### What is being asked
Pictures are to be left out; every line from the one that holds "Peugeot 308 Allure" to the end of the data is to be retyped exactly.

### Material provided
Content starts

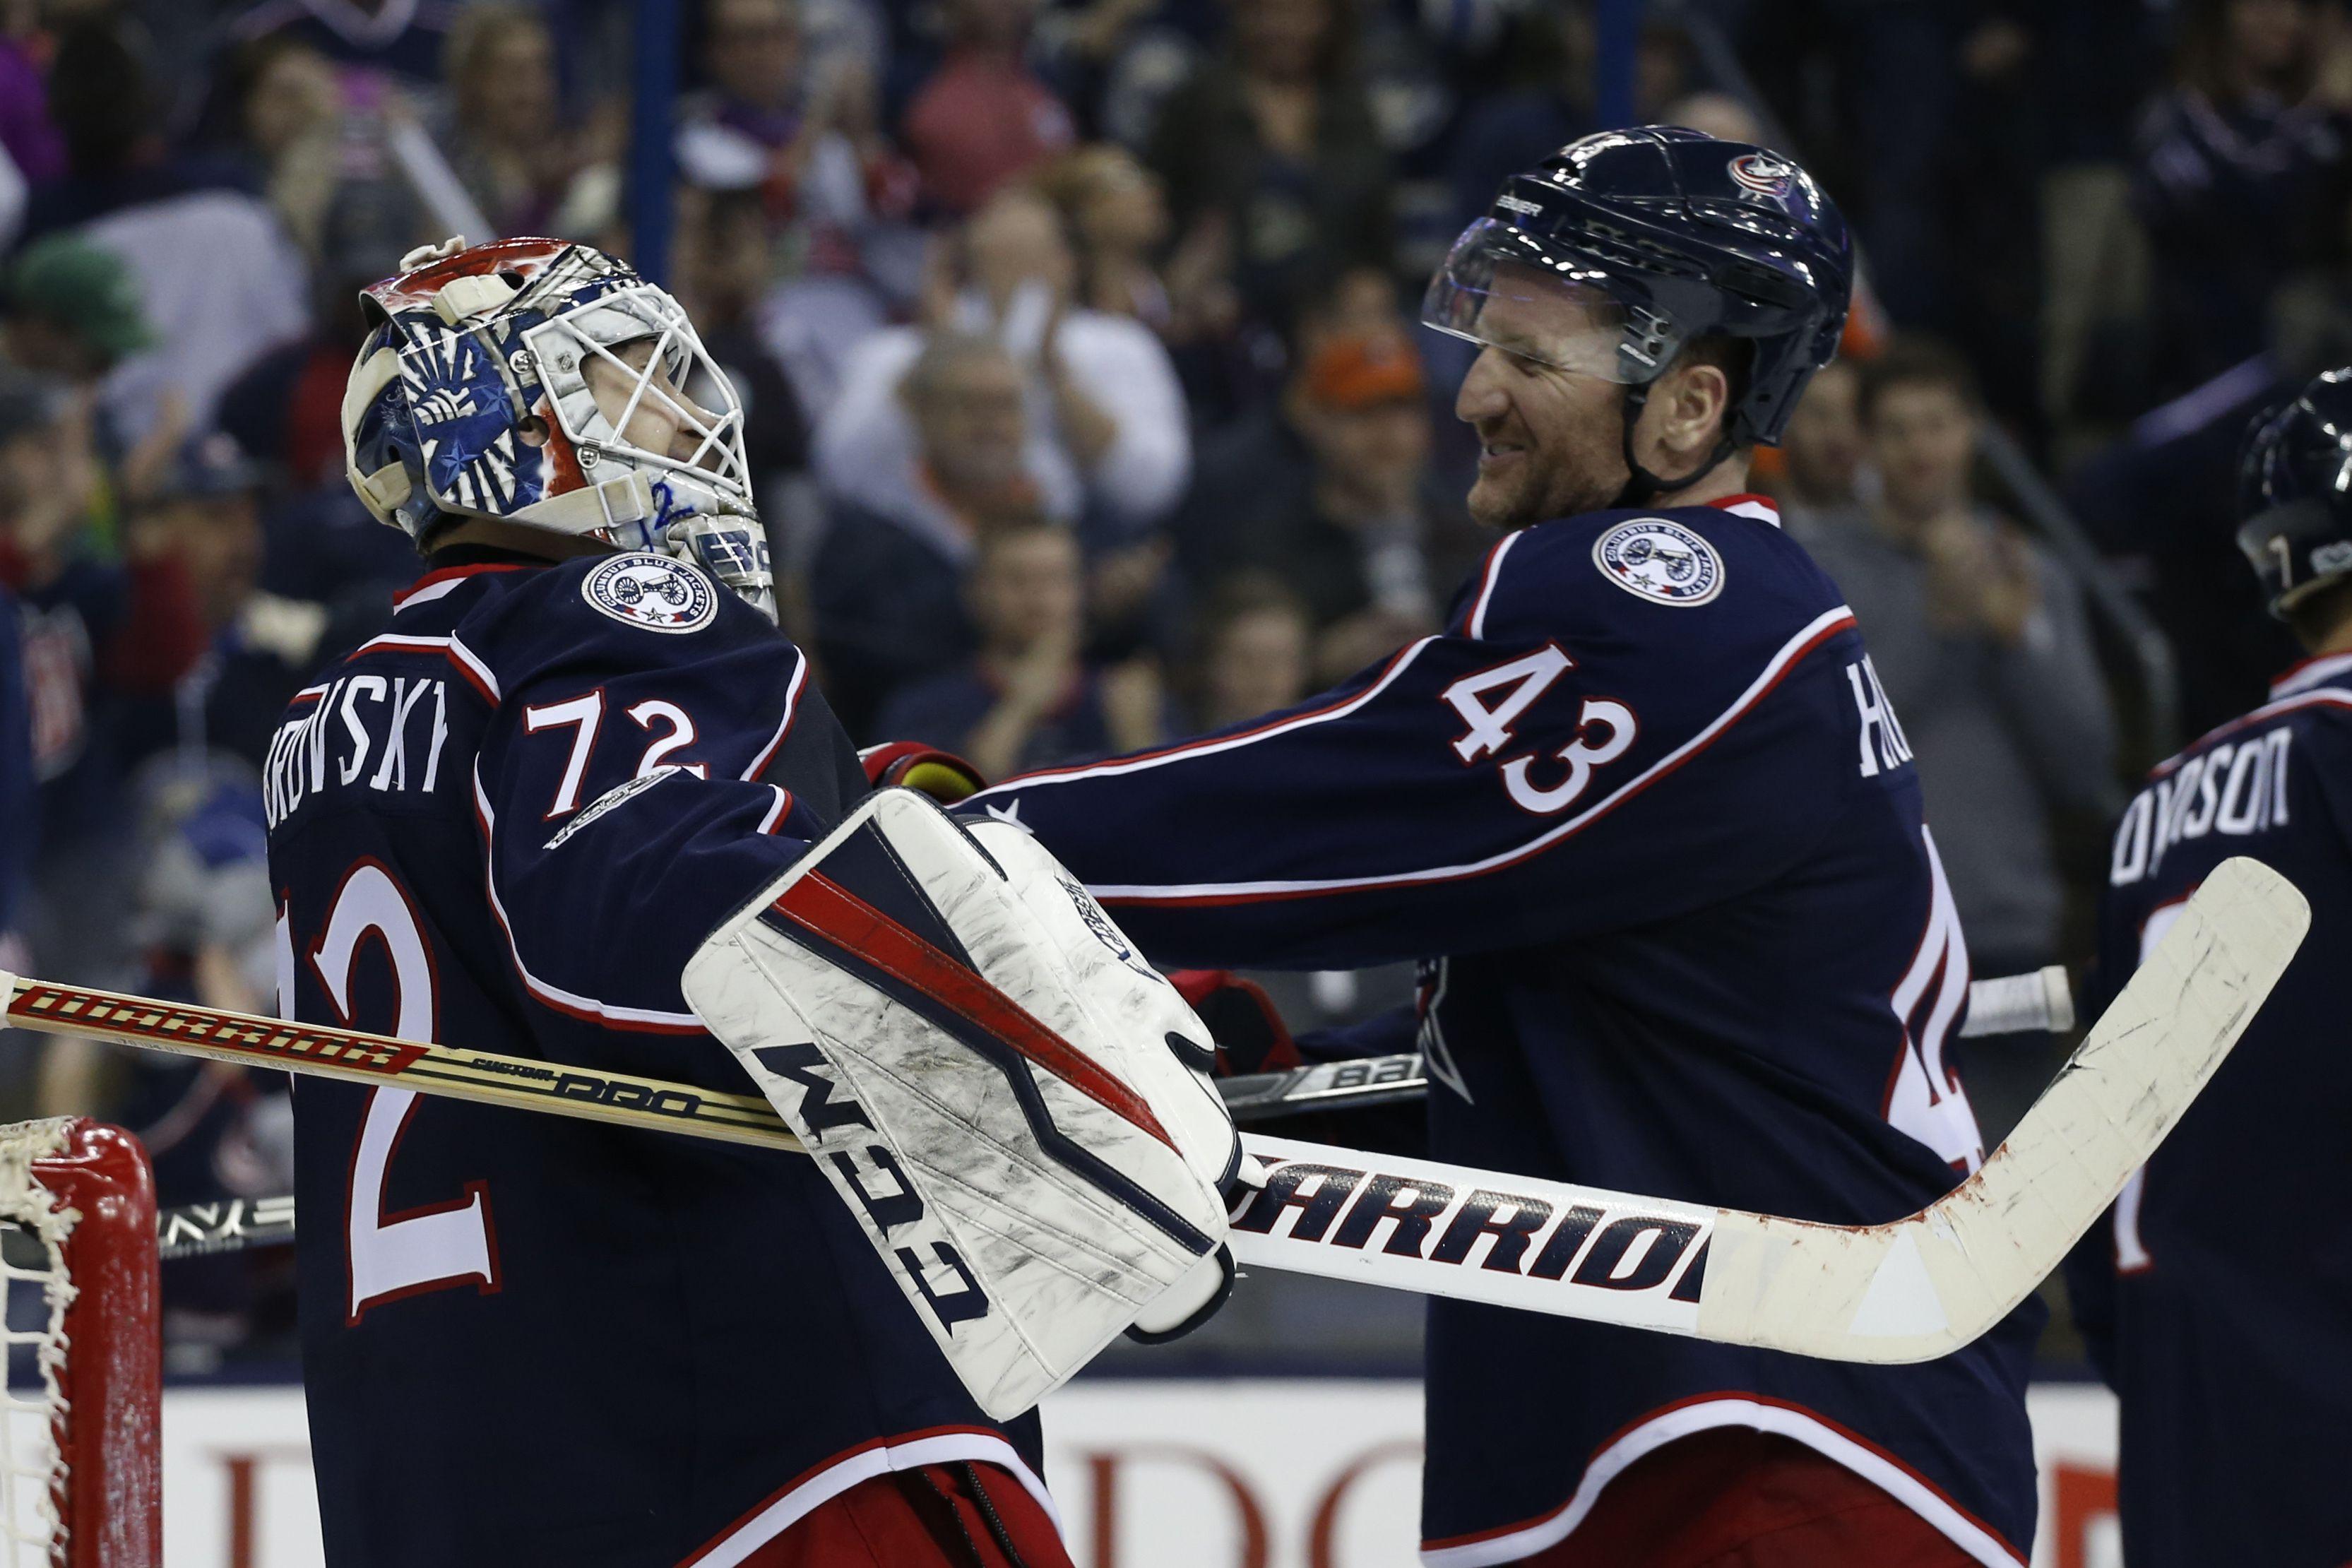 Bobrovsky Terrific Again As Blue Jackets Beat Flyers 1 0 Columbus Blue Jackets Philadelphia Flyers Scott Hartnell
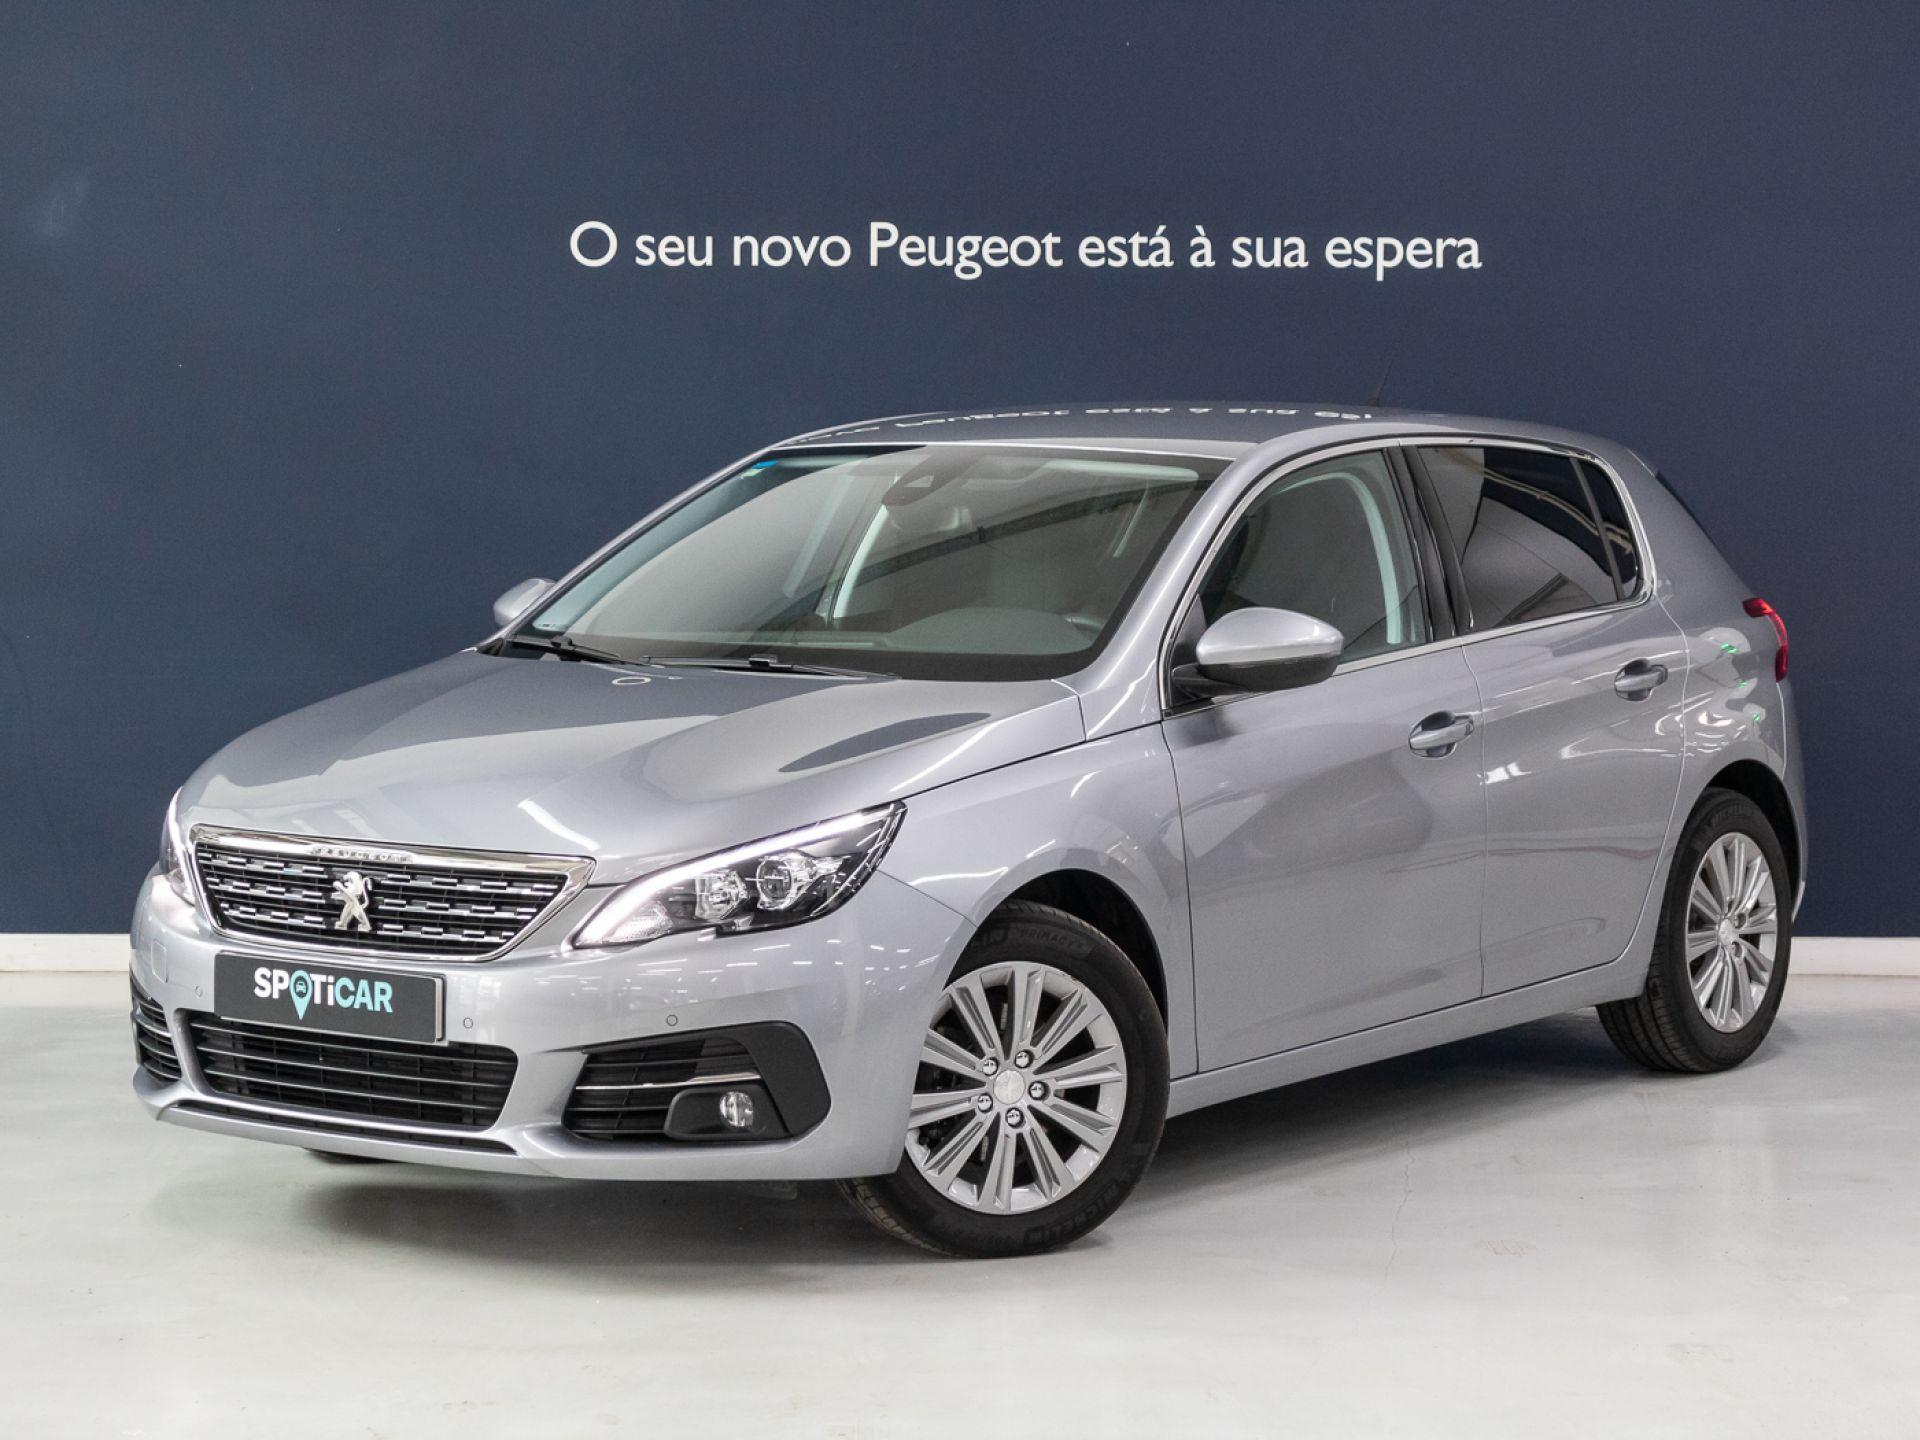 Peugeot 308 Allure 1.5 BlueHDi 130 cv segunda mão Setúbal
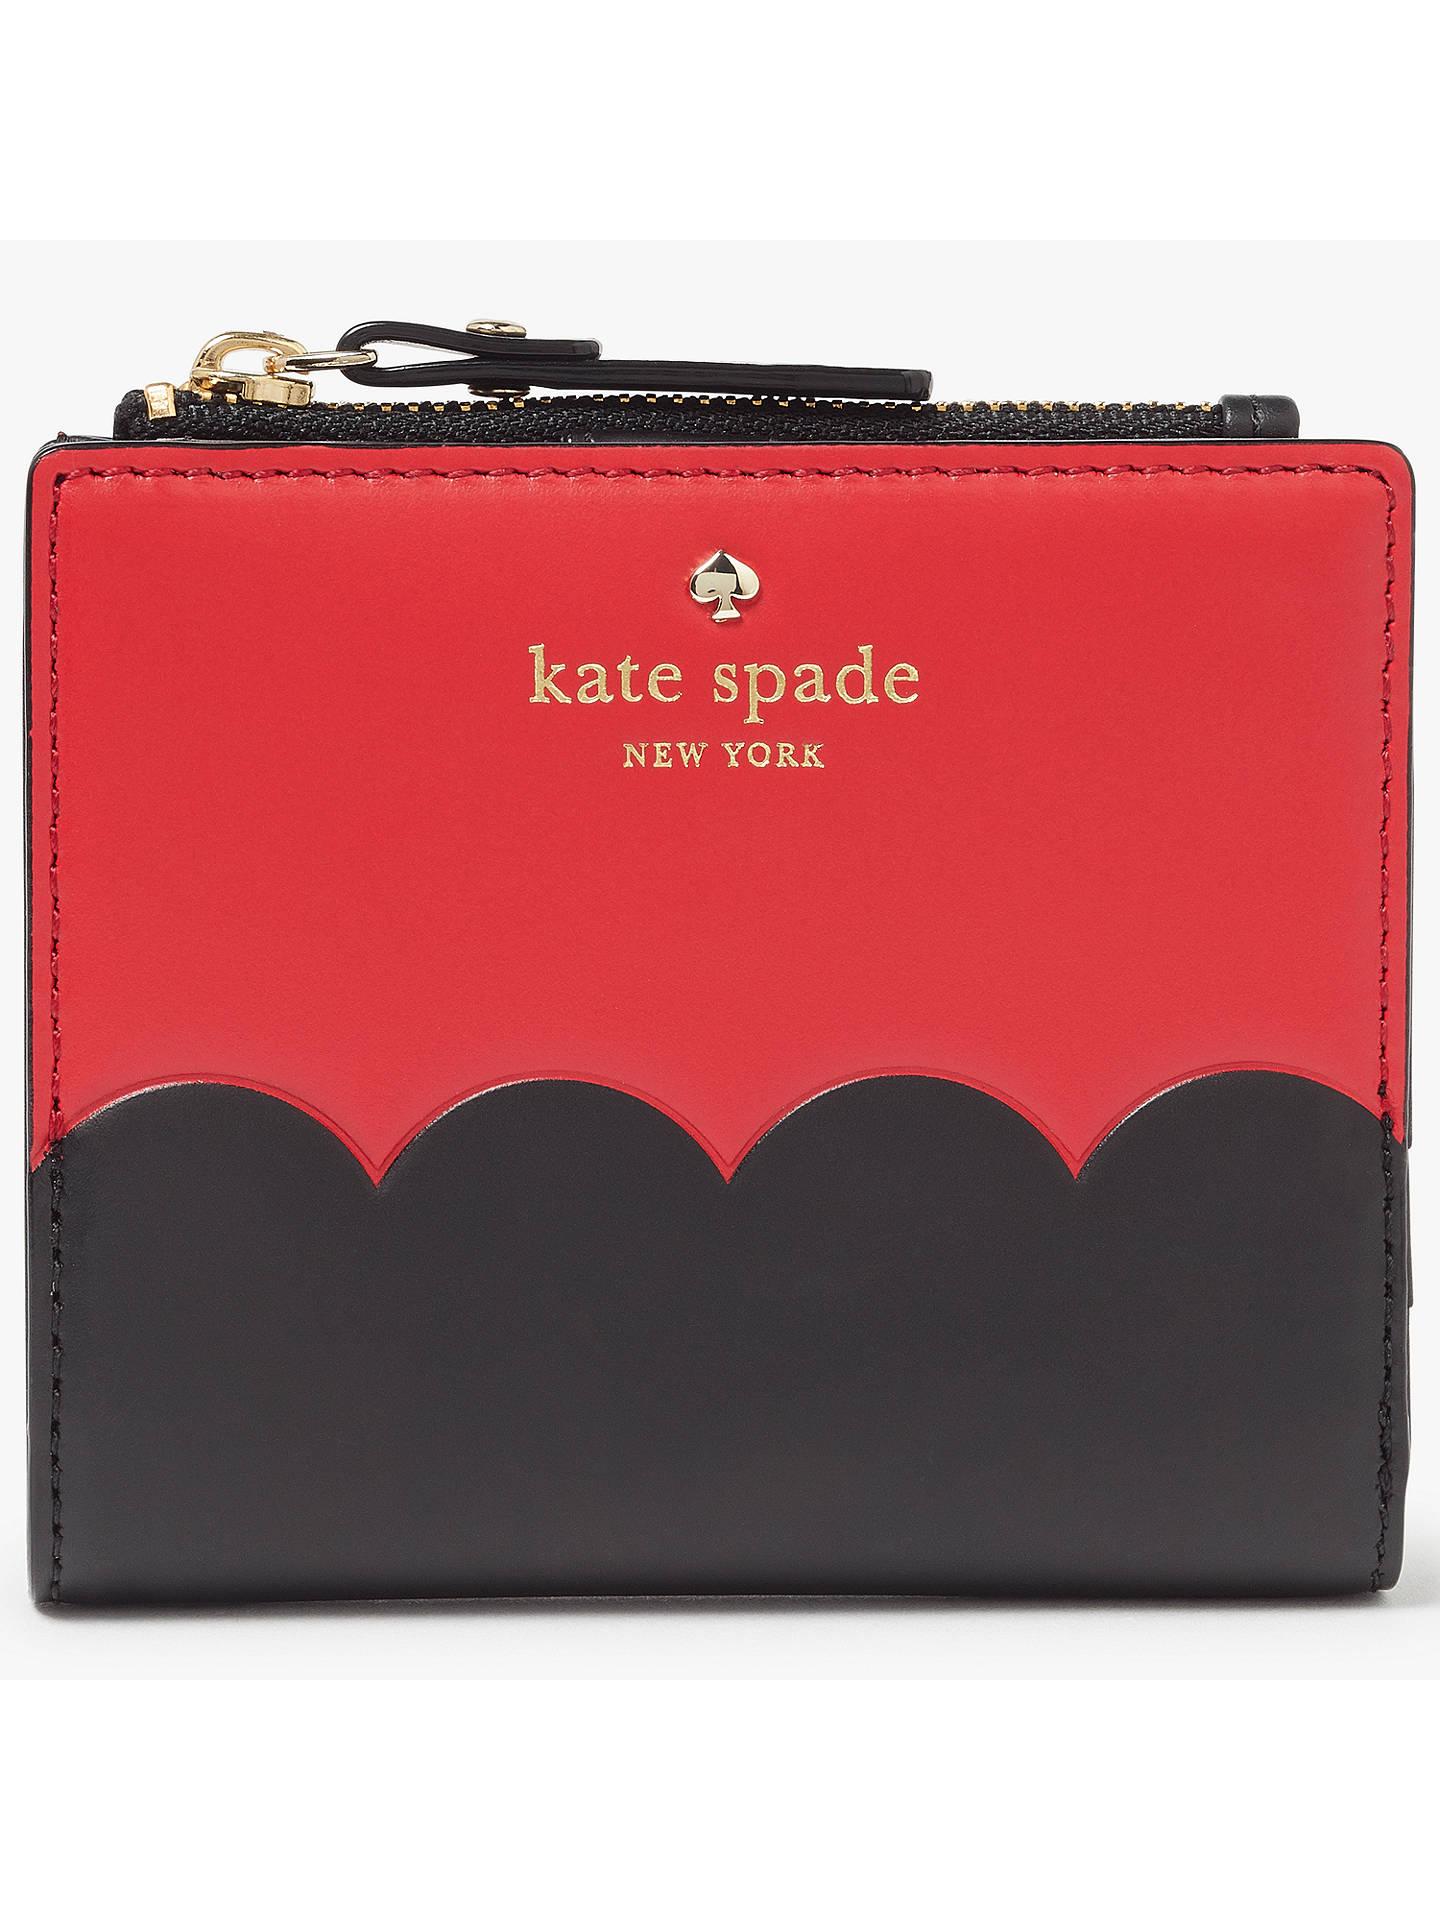 672ece30a7ef2 Buy kate spade new york Cameron Street Adalyn Leather Purse

Content ends

### Solution to the exercise
 Peugeot 308 Allure 1.5 BlueHDi 130 cv segunda mão Setúbal
 672ece30a7ef2 Buy kate spade new york Cameron Street Adalyn Leather Purse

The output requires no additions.